2. **Medusa Configurations (Colored Dots):**
* **Trend:** As the number of candidates increases (from 16 to 112), the data points move **up and to the right** along the memory bandwidth diagonal.
* **Operational Intensity Shift:** Moves from $\approx 13$ FLOP/Byte (16 candidates) to $\approx 60$ FLOP/Byte (112 candidates).
* **Performance Shift:** Moves from $\approx 8$T FLOP/s to nearly **100T FLOP/s**.
* **Efficiency:** All Medusa points track closely to the blue dashed line (1,935 GB/s), indicating that these operations are highly optimized for memory bandwidth but remain memory-bound (as they have not reached the horizontal red line).

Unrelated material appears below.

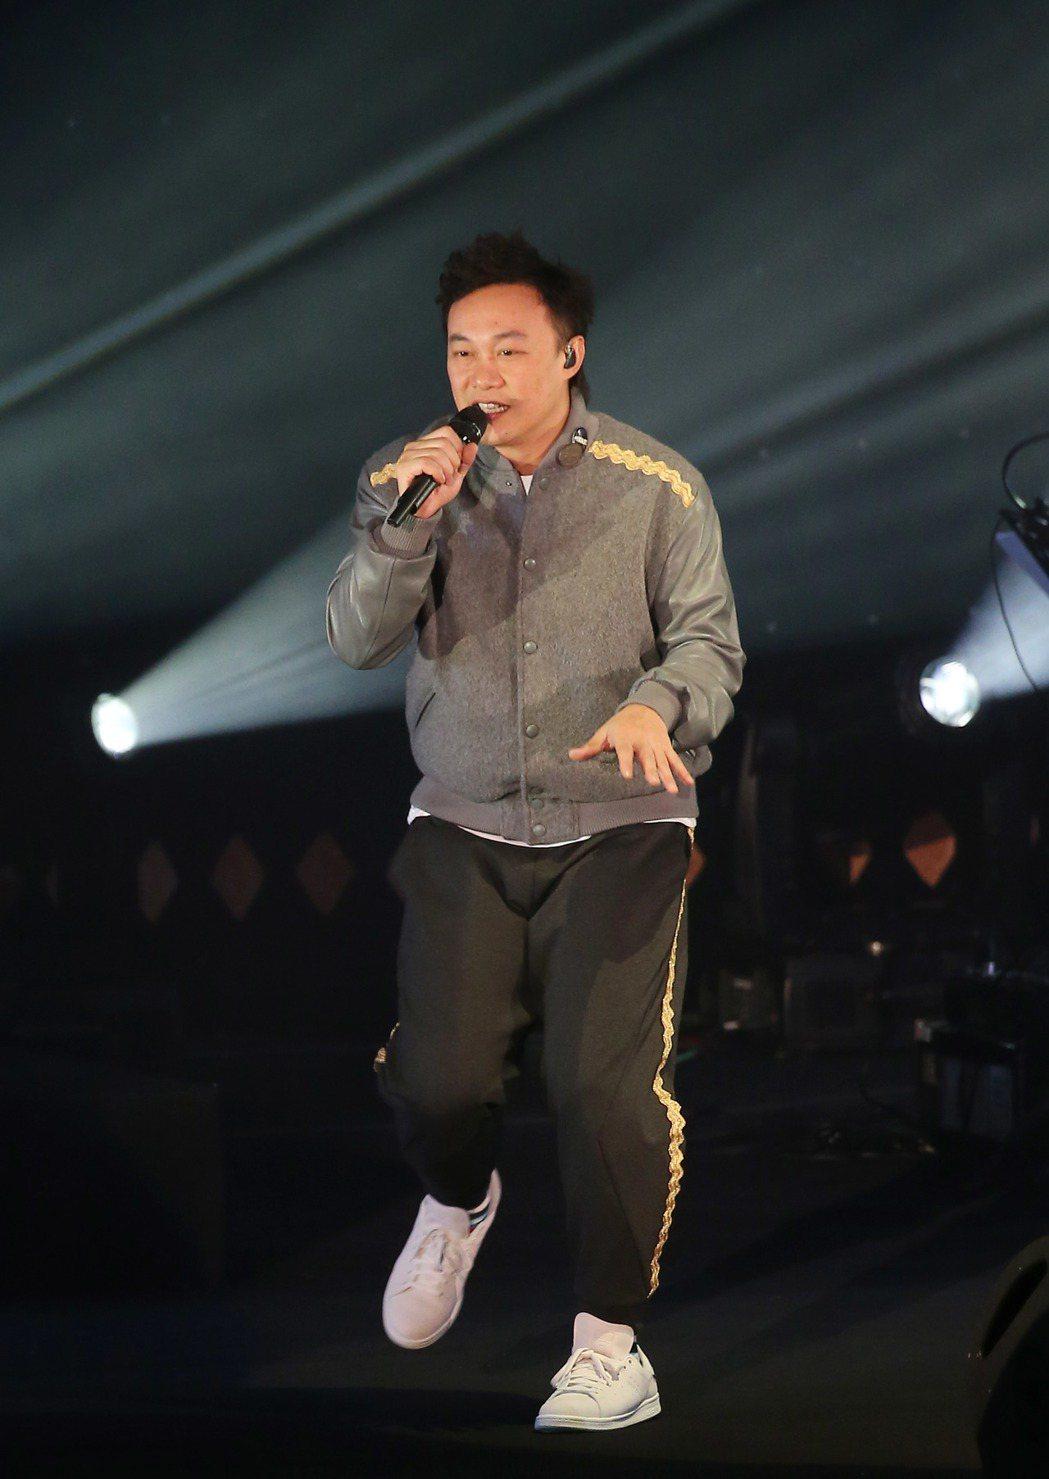 陳奕迅來台舉辦演唱會。記者陳瑞源/攝影
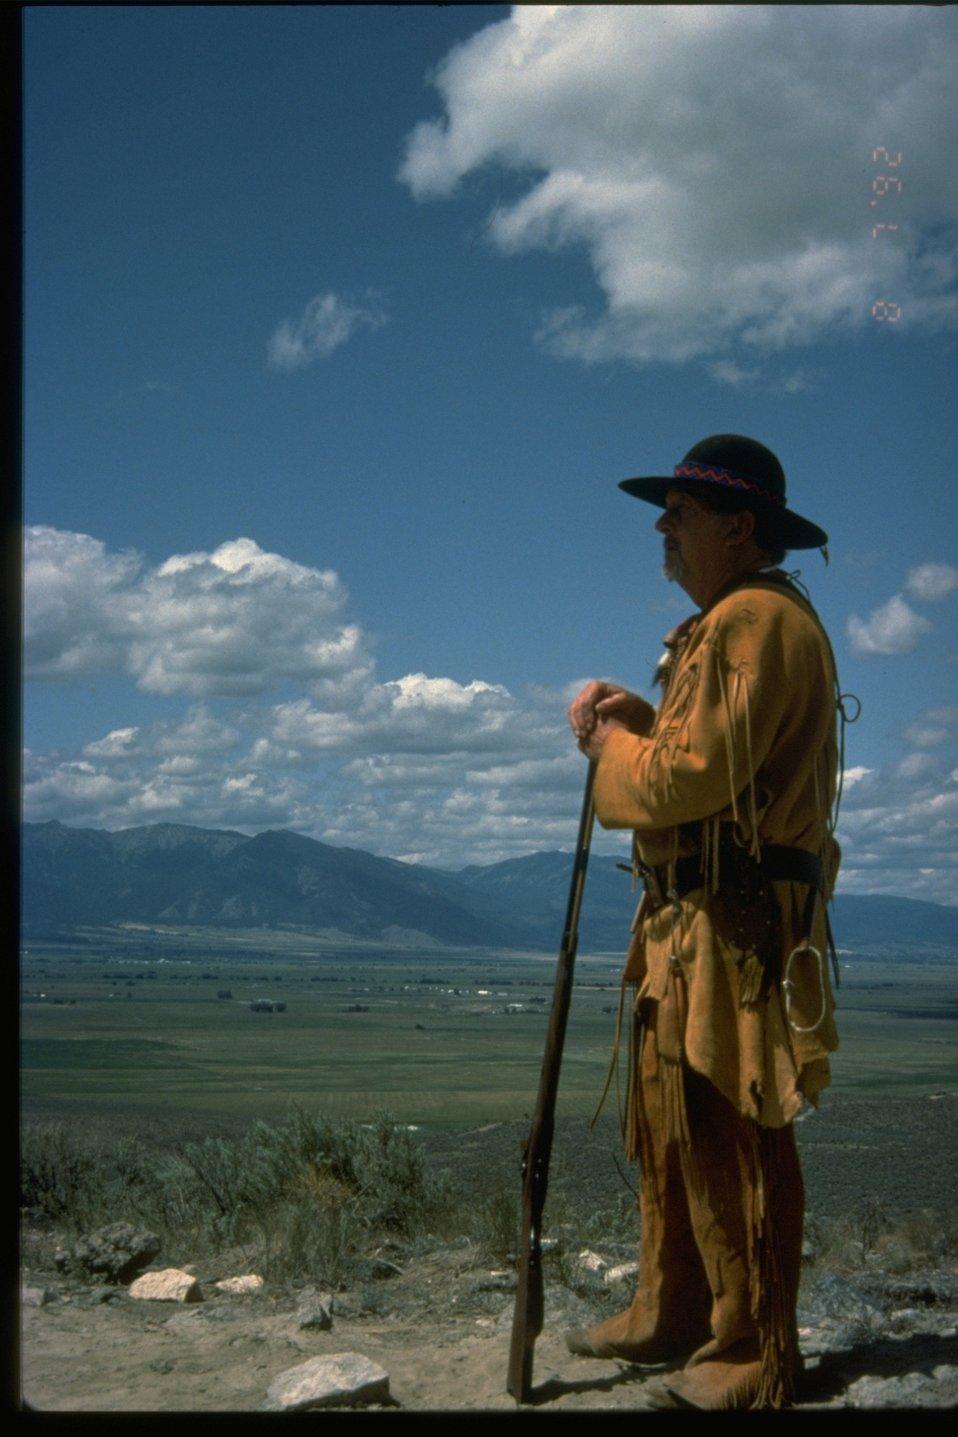 Mountain Man pioneer re-enactor.

### Summary Table of Extracted Data (Approximate Values)
| Configuration | Color | Approx. Op. Intensity (FLOP/Byte) | Approx. Performance (FLOP/s) |
| :--- | :--- | :--- | :--- |
| **qk/pv ar** | Grey | 1 | 0.5T - 1.5T |
| **Medusa 16** | Orange | 13 - 15 | 8T - 20T |
| **Medusa 32** | Light Orange | 22 - 28 | 15T - 35T |
| **Medusa 48** | Salmon | 30 - 35 | 25T - 50T |
| **Medusa 64** | Pink | 38 - 42 | 35T - 60T |
| **Medusa 80** | Deep Pink | 45 - 50 | 45T - 70T |
| **Medusa 96** | Purple | 52 - 58 | 55T - 80T |
| **Medusa 112** | Dark Purple | 60 - 65 | 65T - 90T |
## 5. Conclusion
The chart demonstrates that the Medusa optimization significantly increases the operational intensity of the Llama 33B model compared to standard autoregressive decoding. By increasing the number of candidates, the system achieves higher FLOP/s by moving further up the memory bandwidth limit line, though even at 112 candidates, the workload remains memory-bound on the A100 80GB PCIe.